DATASET CONTENT:

--

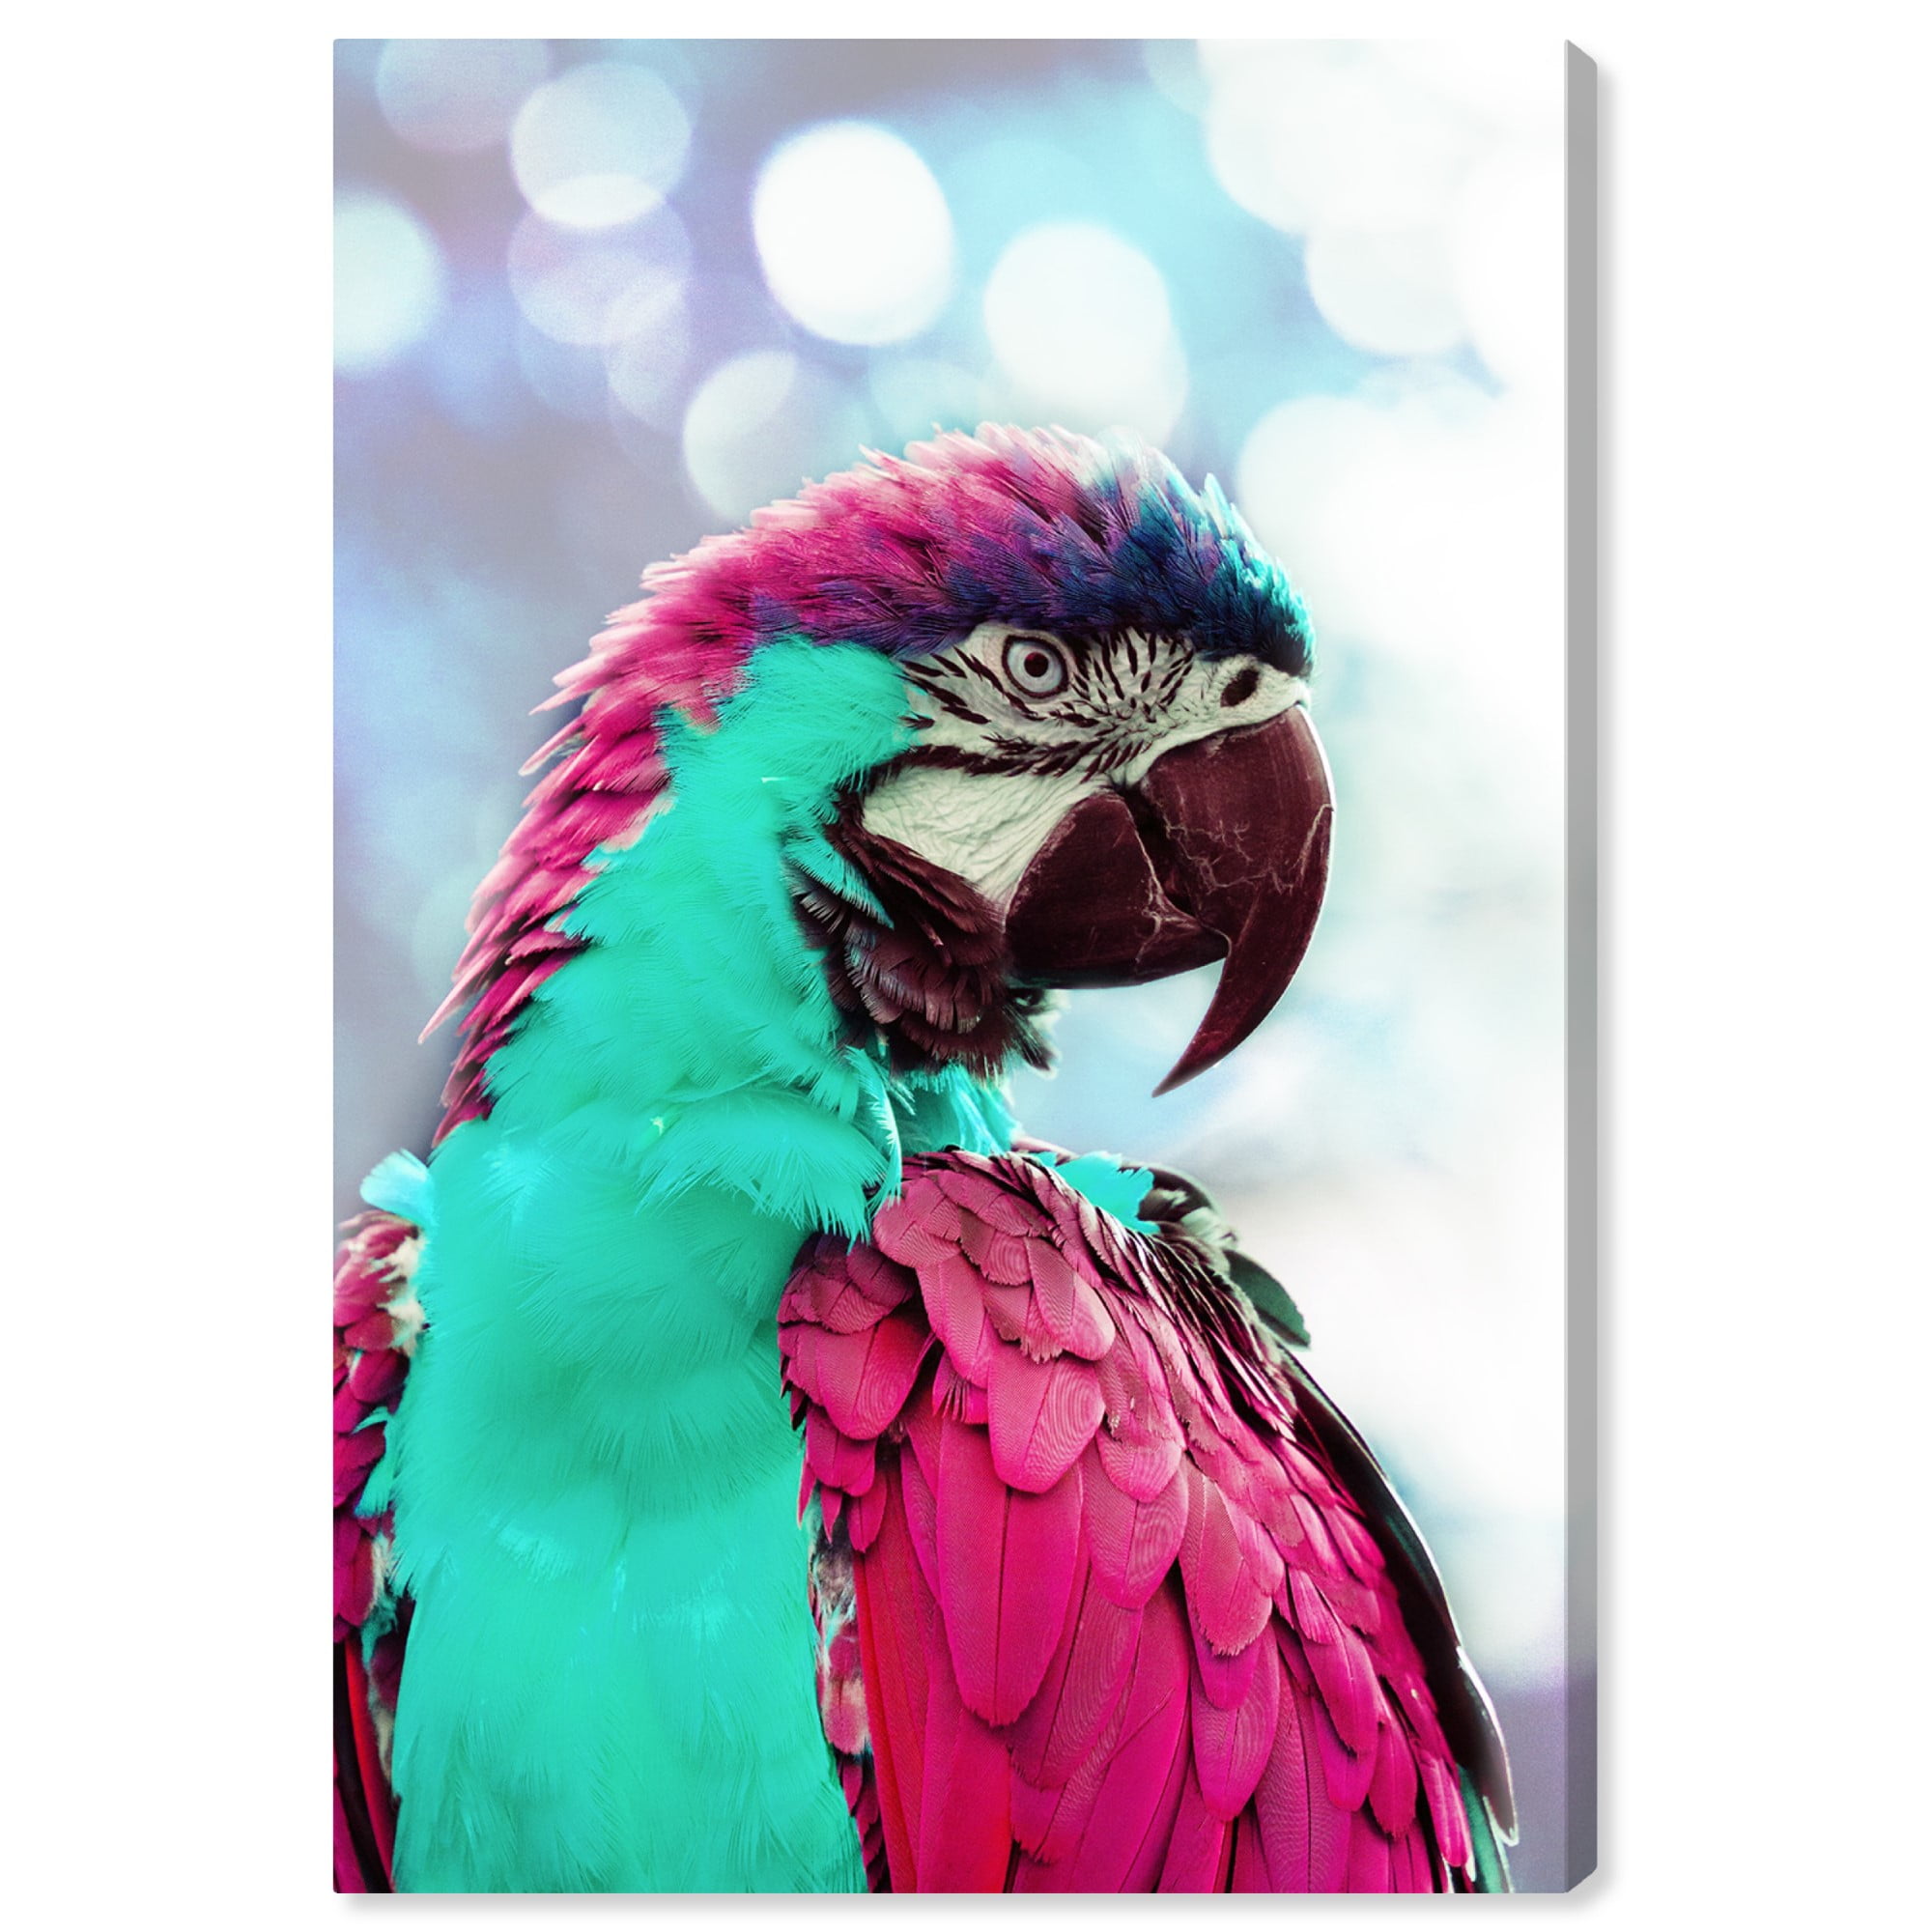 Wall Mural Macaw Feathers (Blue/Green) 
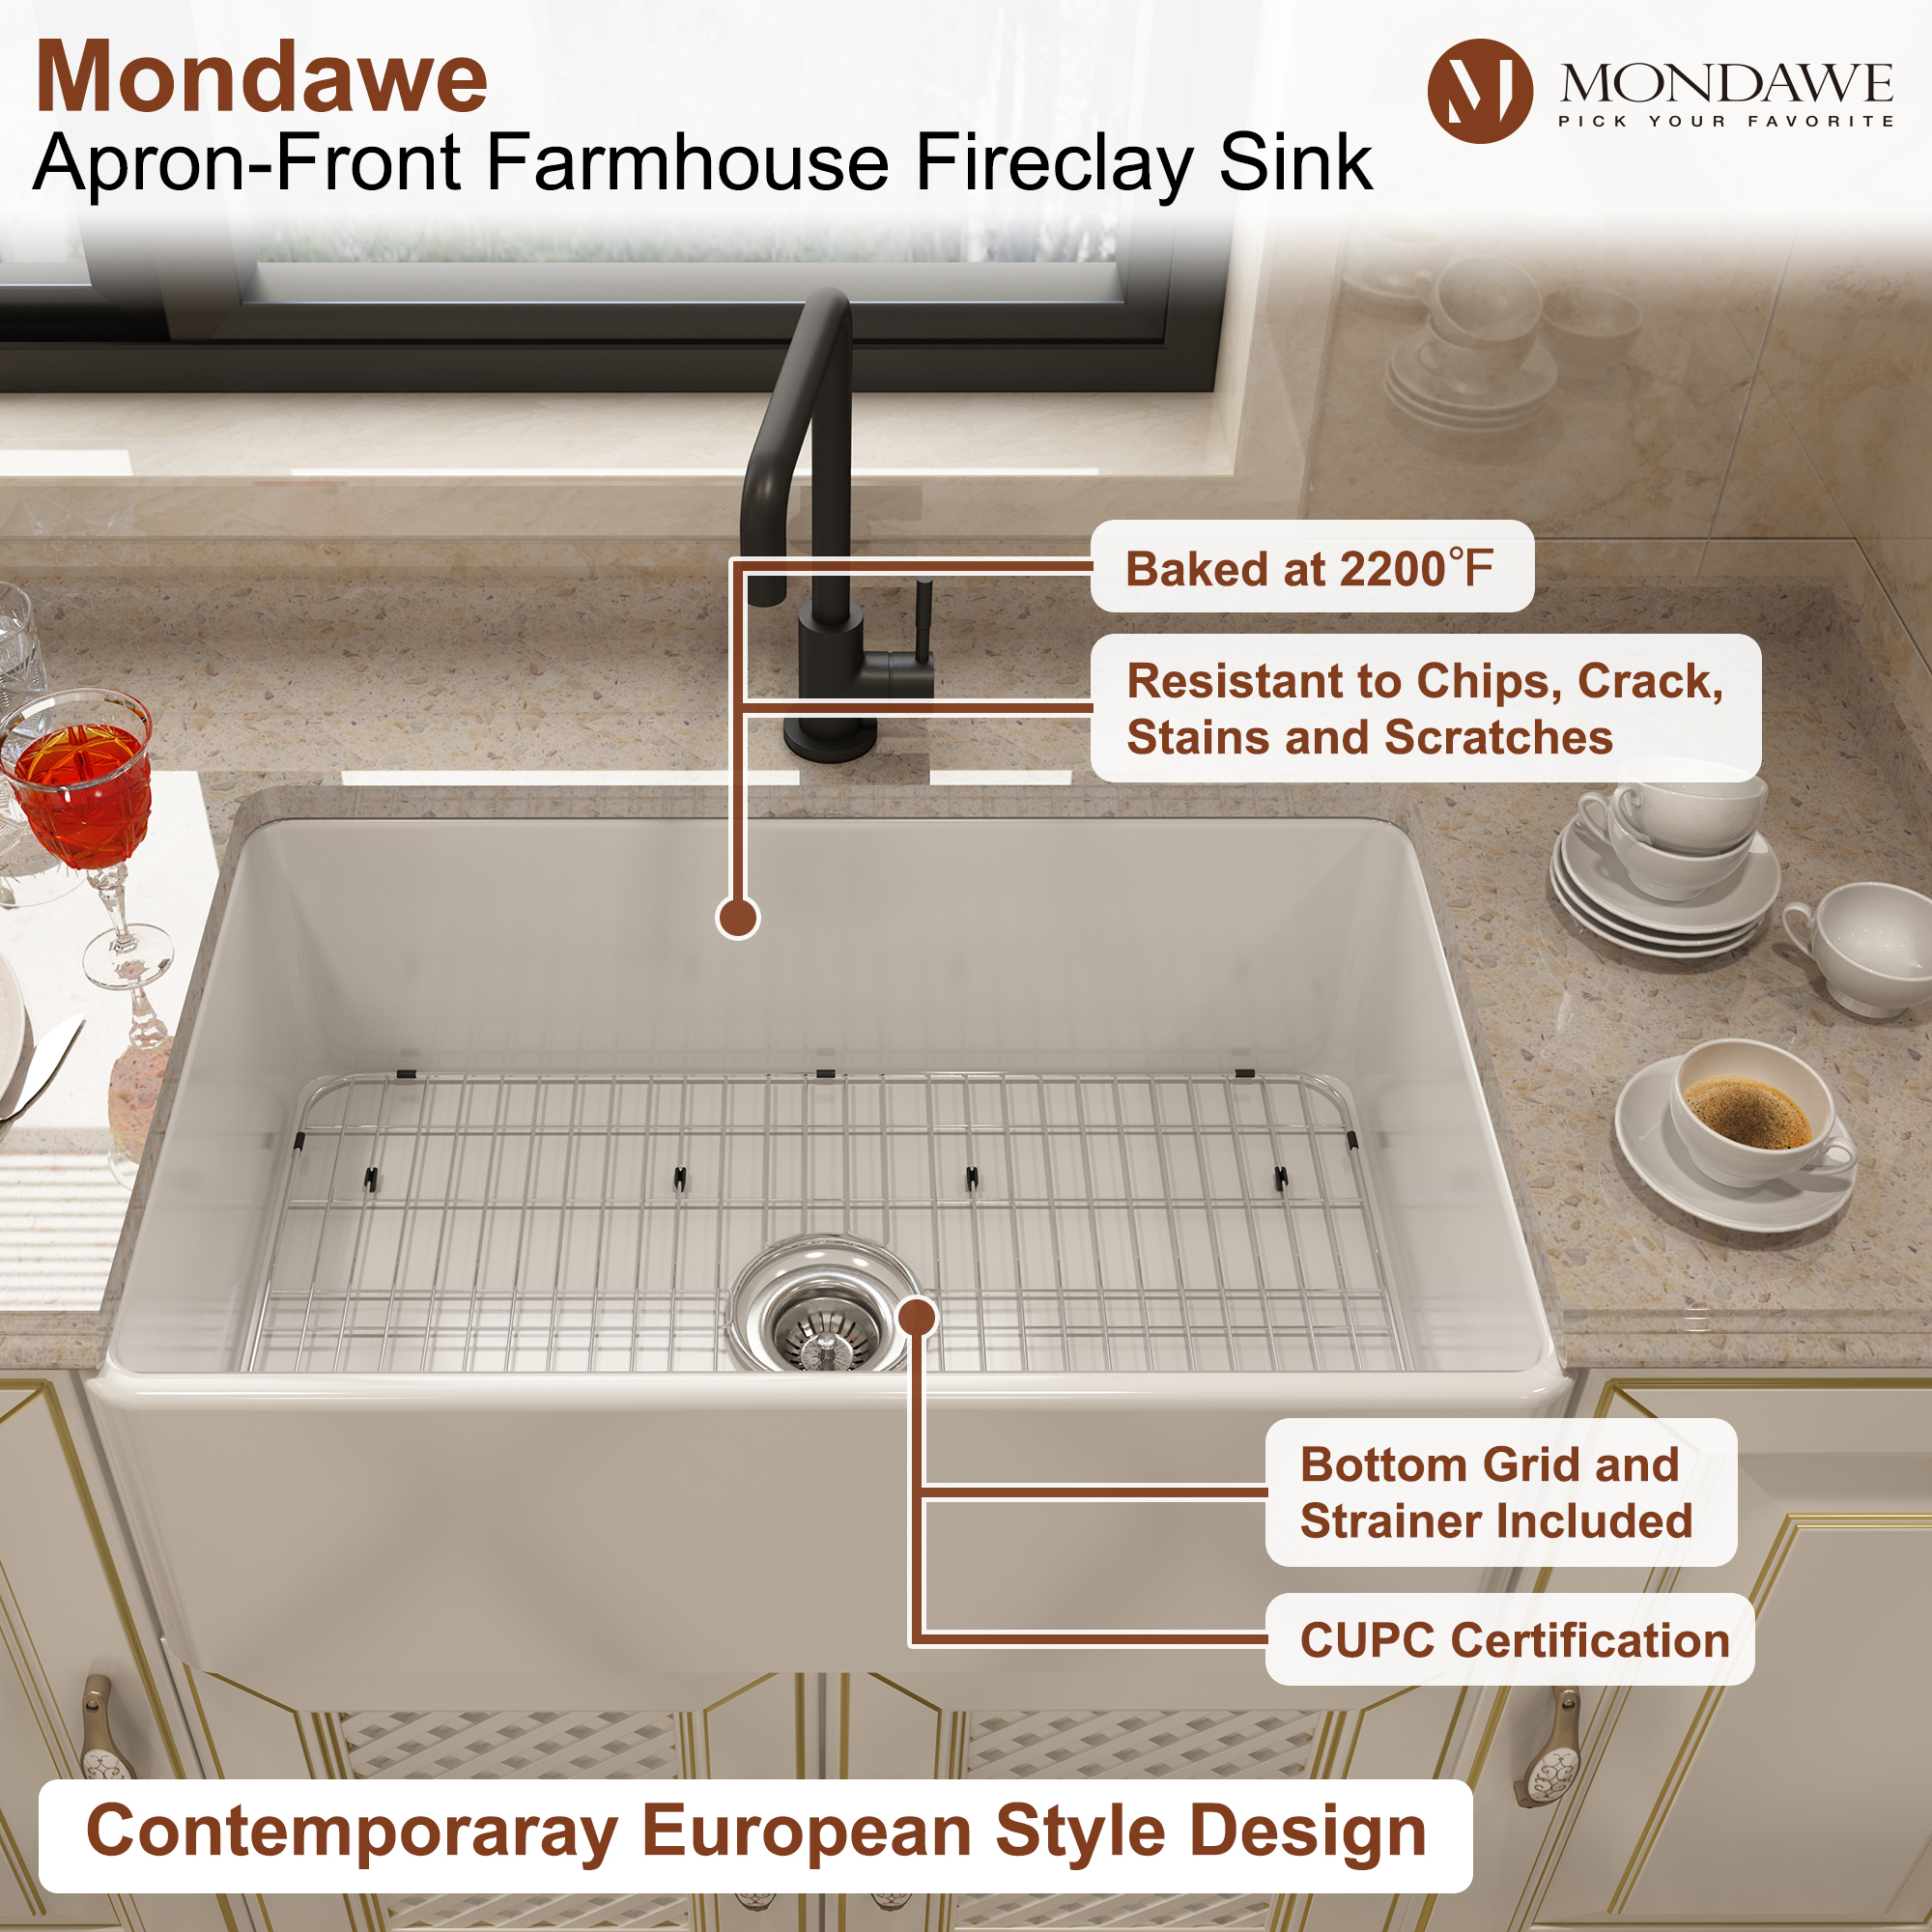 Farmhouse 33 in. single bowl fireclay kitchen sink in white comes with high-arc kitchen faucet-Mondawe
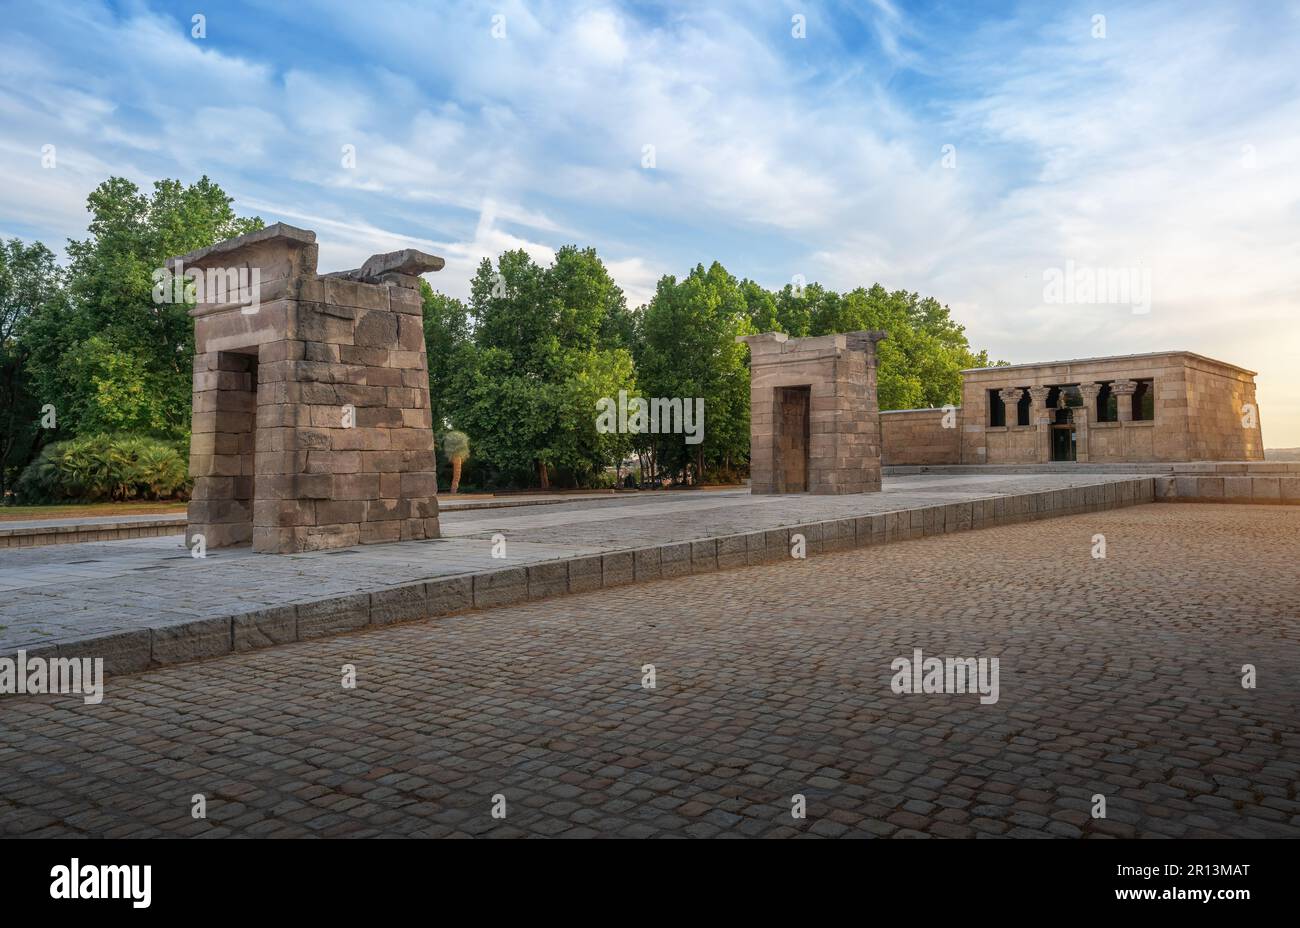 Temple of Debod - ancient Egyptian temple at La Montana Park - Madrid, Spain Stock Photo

--

WORK INSTRUCTION: Give back the whole listing exactly as written. Do not include any picture.

WRITTEN RESPONSE:
 Wall Mural Macaw Feathers (Blue/Green) 
 Farmhouse 33 in. single bowl fireclay kitchen sink in white comes with high-arc kitchen faucet-Mondawe
 Temple of Debod - ancient Egyptian temple at La Montana Park - Madrid, Spain Stock Photo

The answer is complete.